**TASK INSTRUCTIONS**
Under this line sits a listing. Repeat exactly and only its lines from the one holding "Vierte Reichskleiderkarte für" through the one holding "Adorabili Australian Silky"; skip pictures.

**EXCERPTED RECORDS**
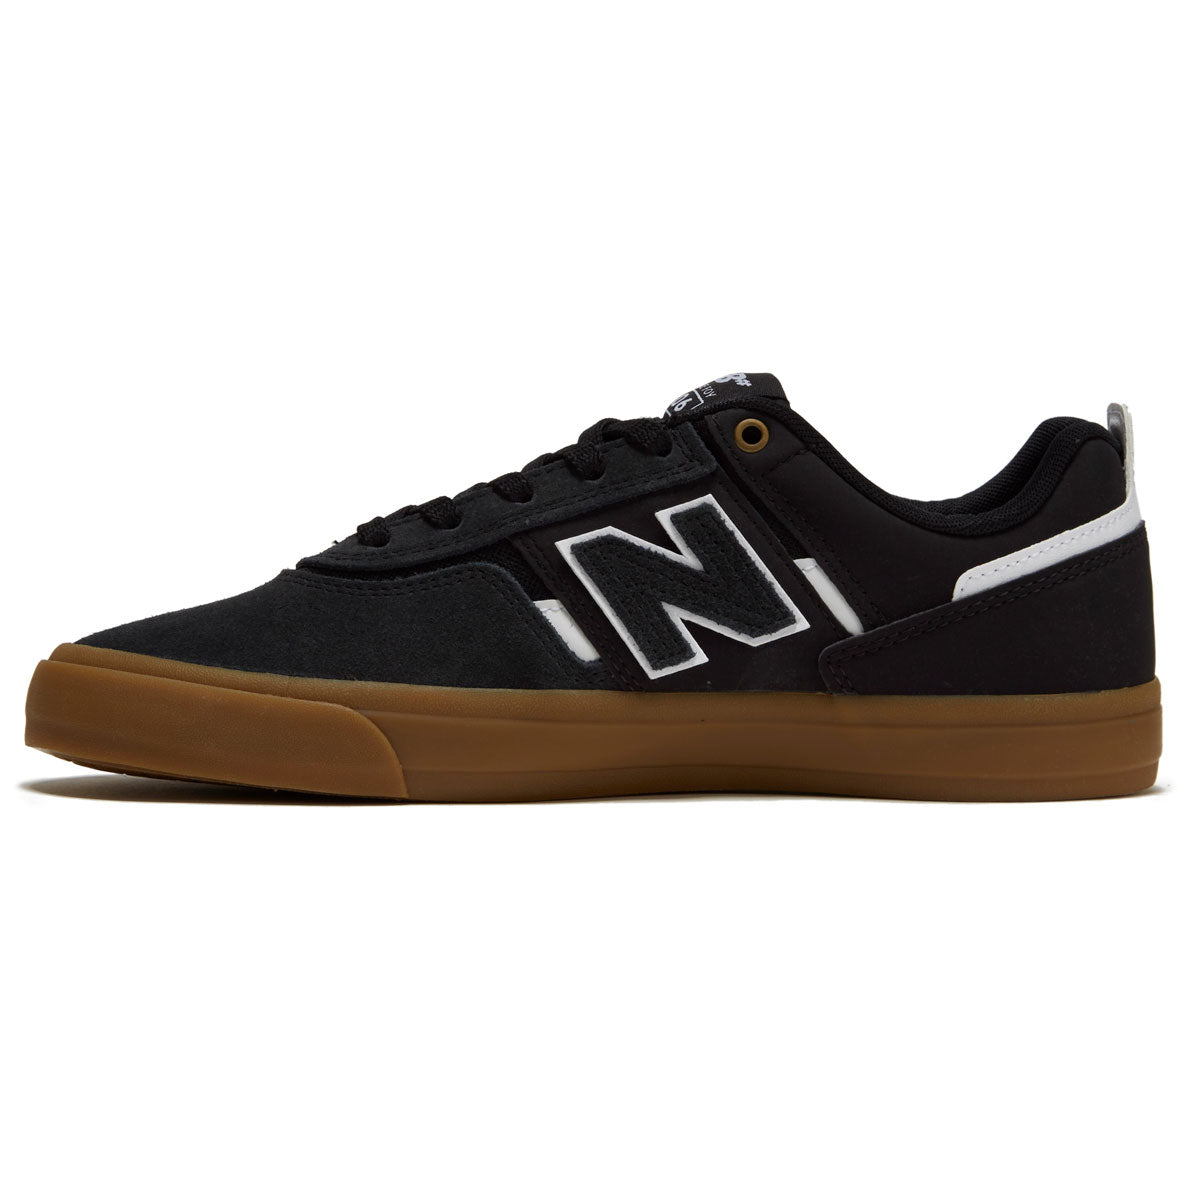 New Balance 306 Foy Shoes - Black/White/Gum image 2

---

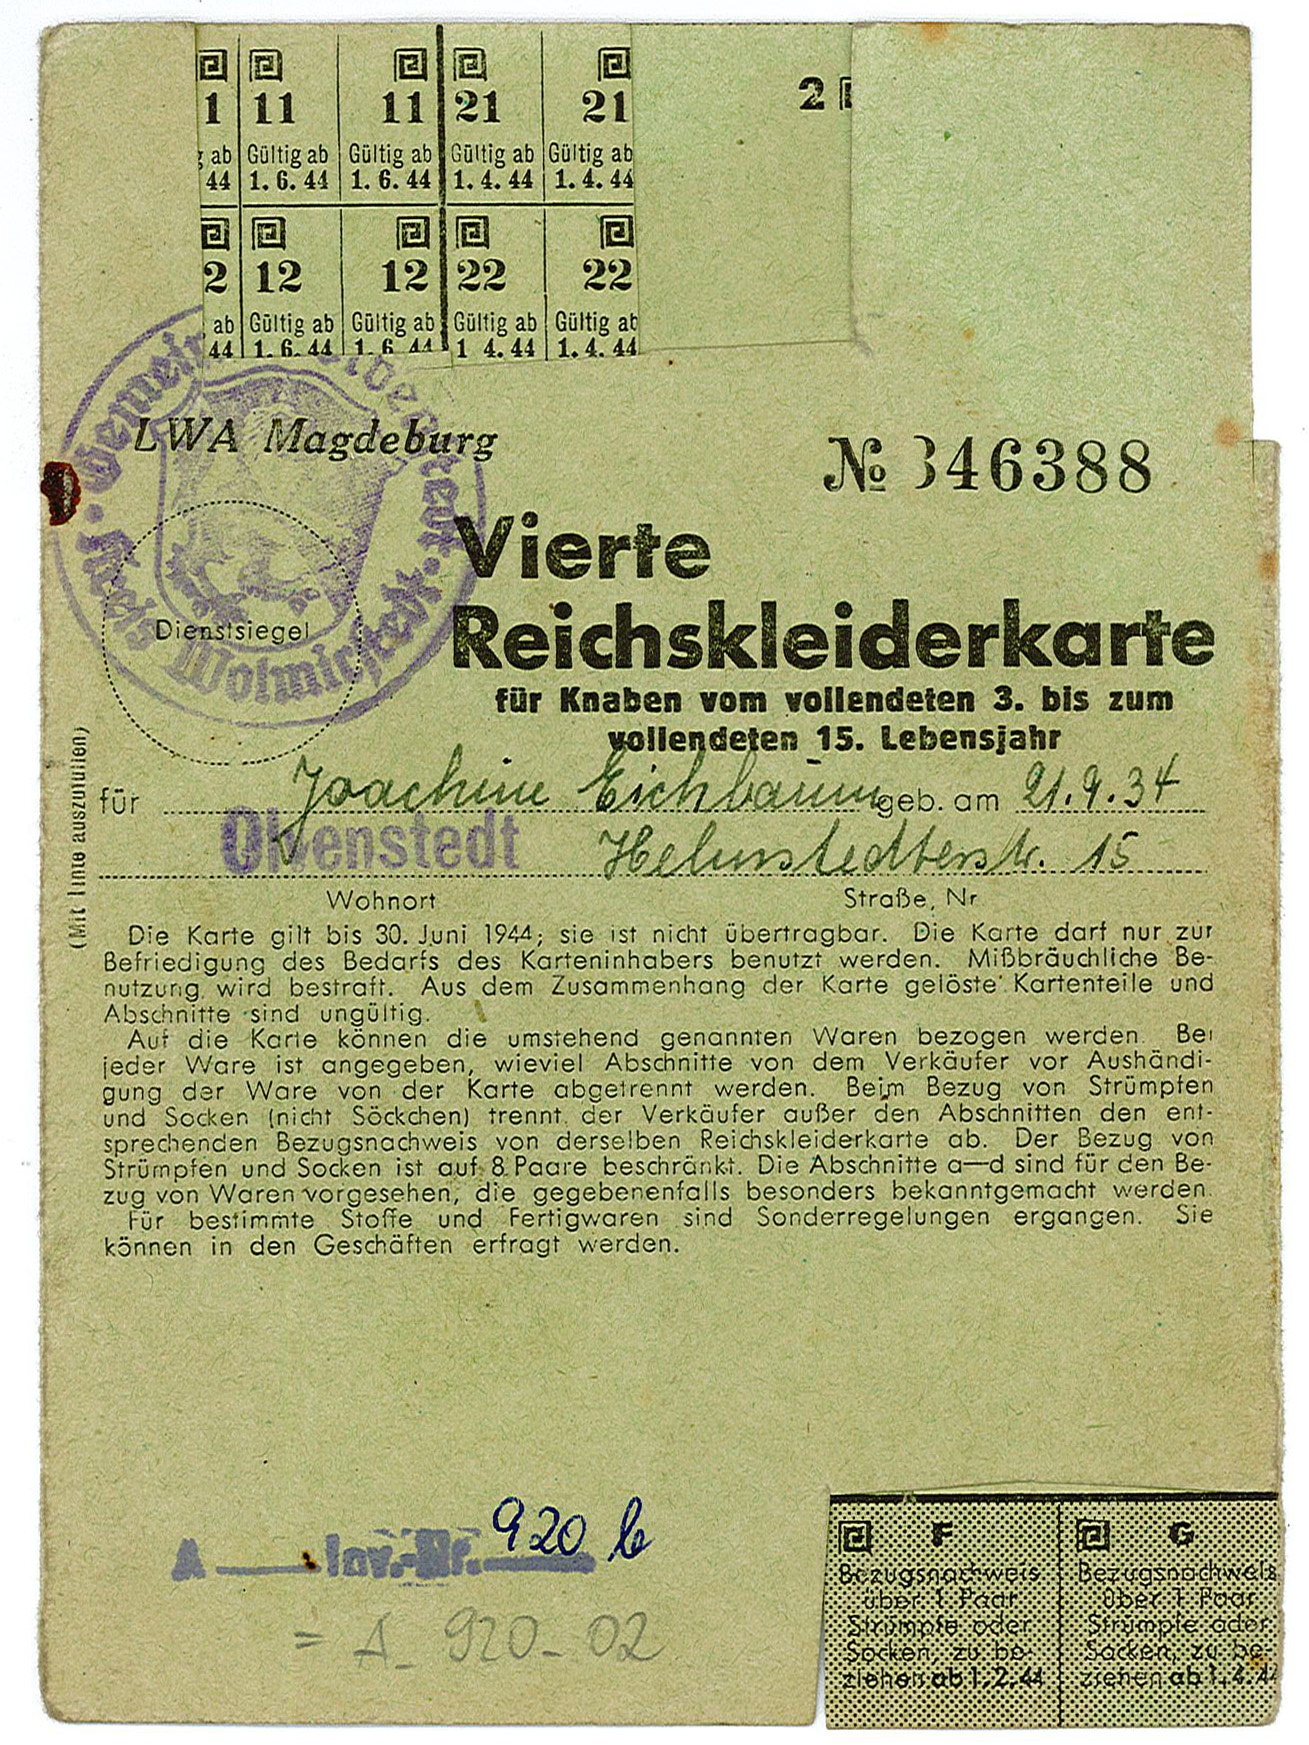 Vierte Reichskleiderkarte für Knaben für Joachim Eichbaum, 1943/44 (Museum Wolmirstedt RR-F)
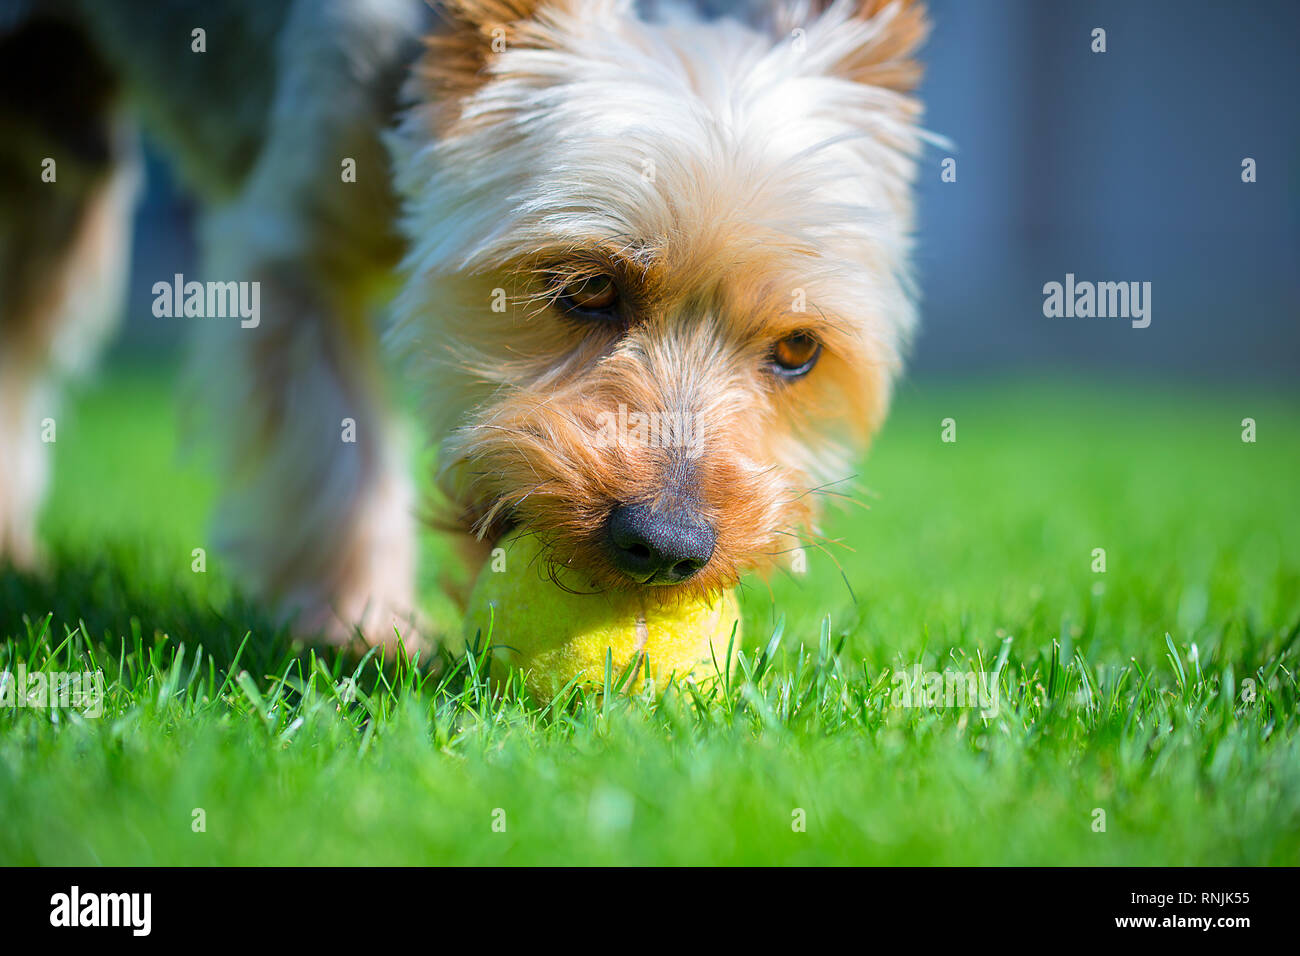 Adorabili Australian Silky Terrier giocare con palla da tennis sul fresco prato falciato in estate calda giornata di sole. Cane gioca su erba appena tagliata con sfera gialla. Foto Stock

...

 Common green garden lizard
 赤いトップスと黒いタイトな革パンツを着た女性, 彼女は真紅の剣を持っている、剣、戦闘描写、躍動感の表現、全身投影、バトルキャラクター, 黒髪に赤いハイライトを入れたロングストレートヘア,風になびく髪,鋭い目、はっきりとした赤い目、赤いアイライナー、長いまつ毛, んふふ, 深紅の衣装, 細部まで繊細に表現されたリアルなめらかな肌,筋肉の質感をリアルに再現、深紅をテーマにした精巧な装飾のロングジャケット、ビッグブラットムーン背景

**EXERCISE ANSWER**
 Vierte Reichskleiderkarte für Knaben für Joachim Eichbaum, 1943/44 (Museum Wolmirstedt RR-F)
 Adorabili Australian Silky Terrier giocare con palla da tennis sul fresco prato falciato in estate calda giornata di sole. Cane gioca su erba appena tagliata con sfera gialla. Foto Stock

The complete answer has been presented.